Brady was named the MVP of Super Bowl LV, the fifth time he has claimed that title. That’s two more than the illustrious Joe Montana - remember when we thought Joe Cool was setting records that would never be broken? Basked in the spotlight, Brady said “This team is World Champions forever, you can’t take it away from us!”, recognizing that this was a team effort and that his teammates deserved as much credit as him, on both sides of the ball. He had already stated that he would like to play until he is 45. When he was pushed again on that subject, he promised “We’re coming back,” an answer that will no doubt have every other team worried that they will at one point need to get through Brady to land a title.

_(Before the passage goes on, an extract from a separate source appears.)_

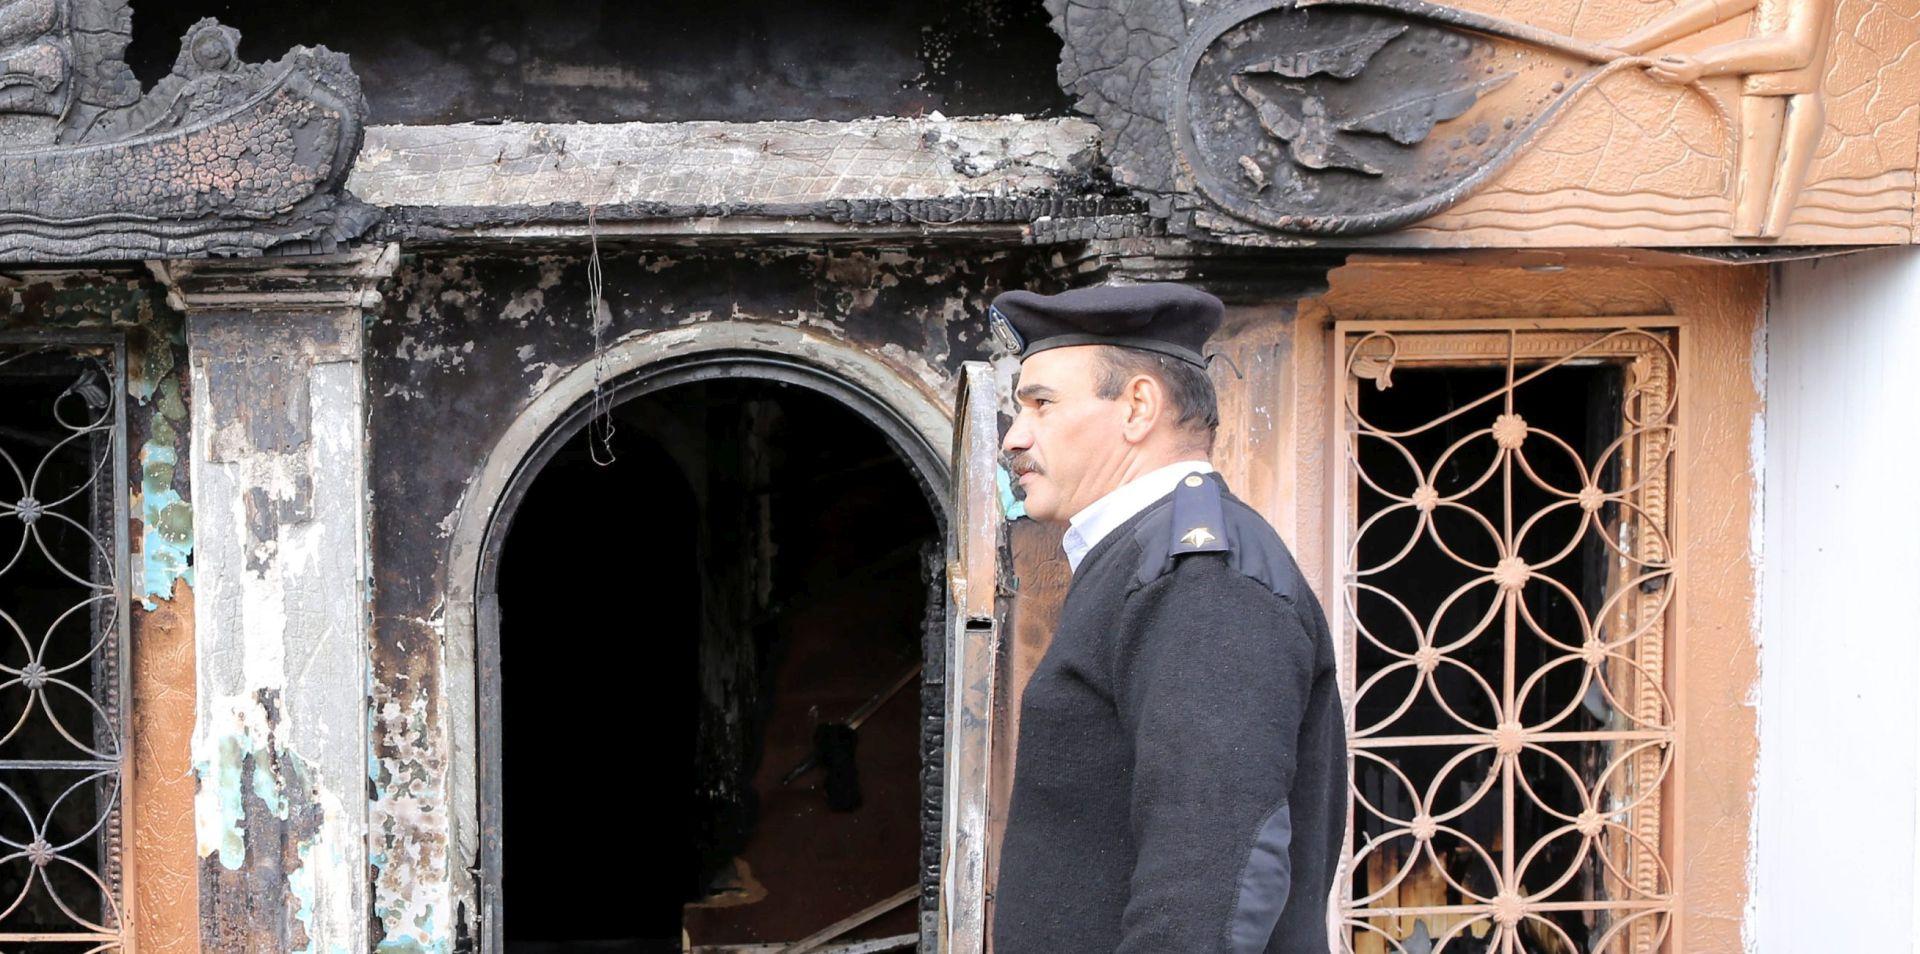 Noćni sukobi u Kairu nakon smrti mladića u policijskoj postaji

It was meant to be a night that showcased two extraordinary talents at the quarterback position. Instead, the fresh young talent could not find any rhythm, due to a constant pass rush that had him on the back foot. Normally this would not faze Patrick Mahomes, he often finds a way to evade trouble and make the impossible possible. Bit such was the relentless pressure, and extraordinary downfield coverage by the Tampa Bay Buccaneers defense, he was left looking dejected and – extraordinarily - out of ideas. “They took away our deep stuff. They took away the sidelines and they did a good job of rallying to the football and making tackles. They played a heck of a game defensively and offensively to beat us.” Mahomes said afterward. He was not wrong. The Buccaneers drew up a near perfect game plan, and it was executed with truly few flaws.
After a slow start to the game, with both teams punting on their first series, it was the Kansas City Chiefs who took an early advantage. A sack on Brady led to another punt, and the Chiefs went ahead after a 49-yard field goal by Harrison Butker. No one at this point could know that the kicker would be the only player to score points for the Chiefs. Mental errors can account for losses in games that are played between two teams so evenly matched, and a pass interference call allowed the Buccaneers to continue a drive that set the tone.

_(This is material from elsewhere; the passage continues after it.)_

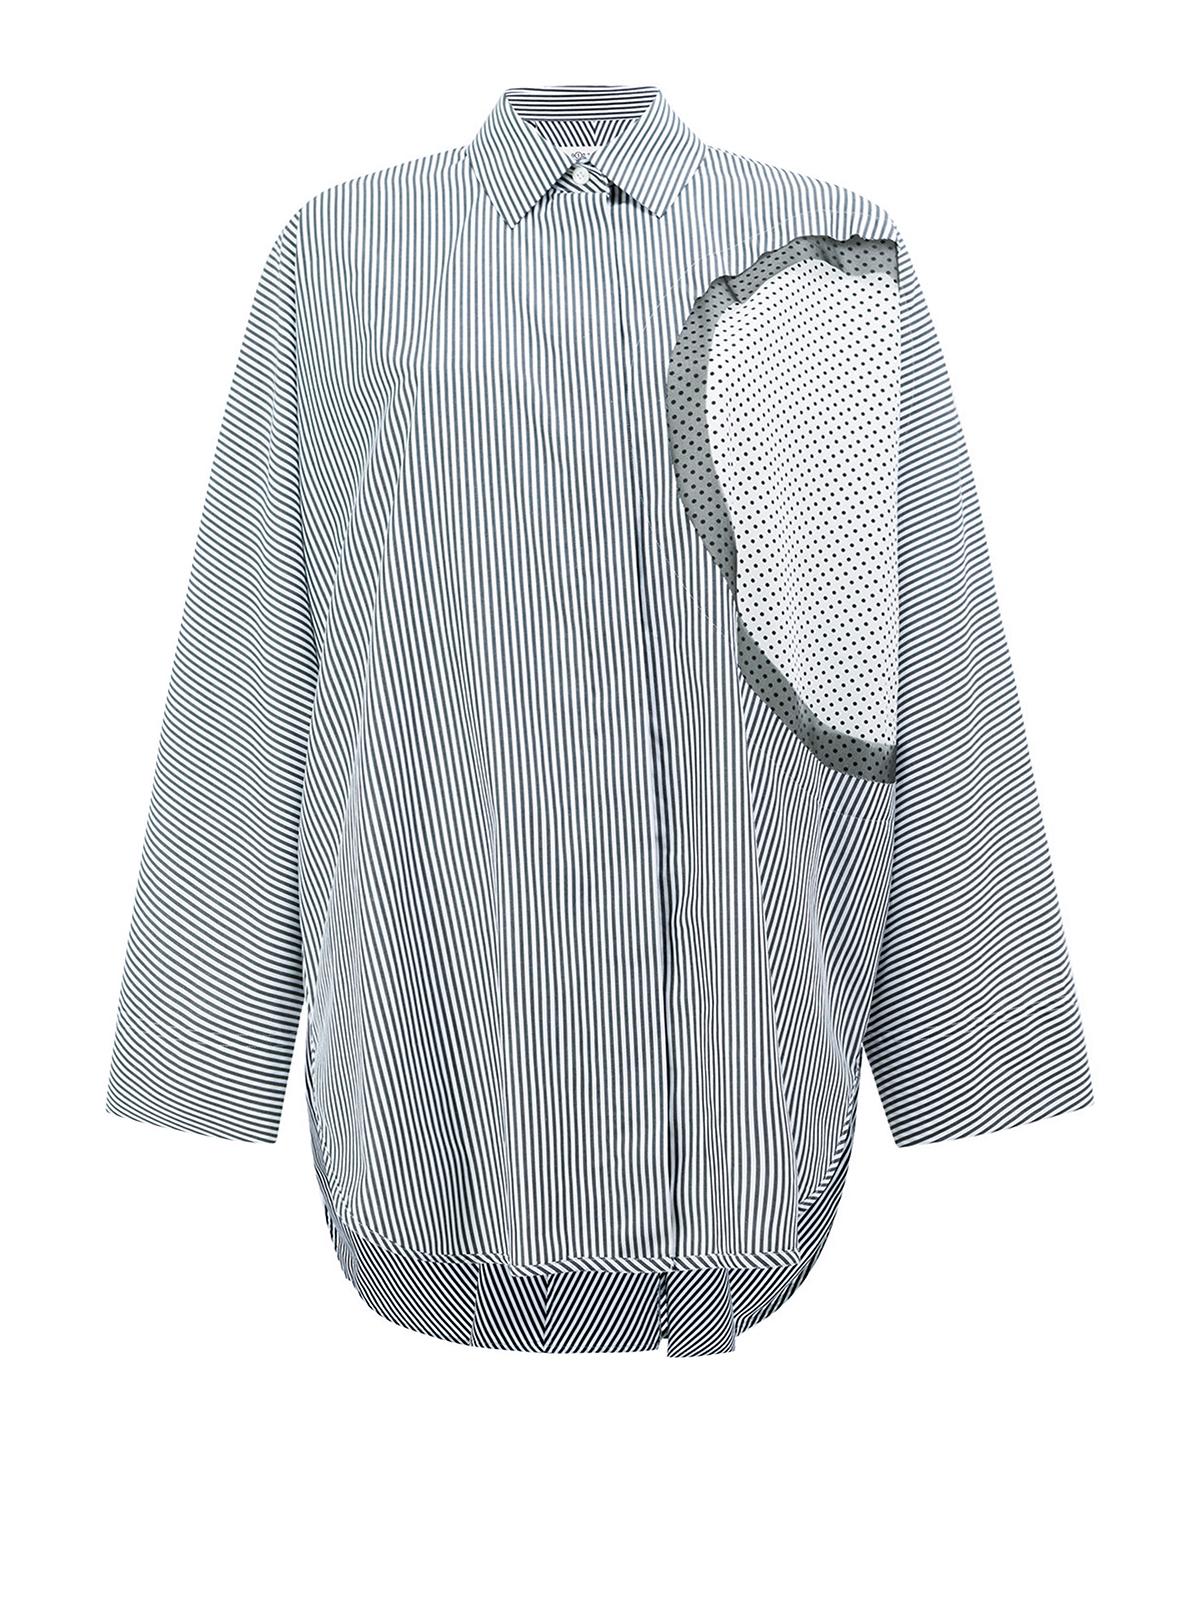 Cut Camicie Camicia Con Over Margiela Dettaglio Maison Out D92WEHI

Brady found old pal Rob Gronkowski open for an 8-yard touchdown just before the first quarter finished. A decent kick-off return gave the Chiefs an opportunity to hit back but they could not convert on third down and Tampa had their tails up. A 15-yard penalty on Chiefs’ pass rusher Chris Jones moved the chains and Brady took advantage with a 31-yard connection to Mike Evans, but twice Ronald Jones could not push the ball in from the 1-yard line. Again, the Chiefs could not gain any momentum, and after a drop by the usually reliable Travis Kelce they had to give up possession again.
The next series proved pivotal. A Brady pass was intercepted but a holding penalty waved that off. Having to settle for a Ryan Succop 40-yard field goal, another flag gave an automatic first down. You do not give second chances, let alone third ones, to Brady. He soon found Gronkowski again for another score and a 14-3 lead. The Chiefs needed something with 6 minutes left in the half, and they set about their next drive with a better tempo, Kelce finally finding some space. Once more though they were held and Butker cut the lead with a 34-yard kick. There was still a minute left. Enough time for Brady to turn the screw. Once again, he was helped by a big pass interference flag at the Chiefs 24-yard line. Then for the 9, another call was made in the end zone. The Chiefs were hurting themselves, and from the 1 Brady threw his third touchdown of the half, this time to Antonio Brown.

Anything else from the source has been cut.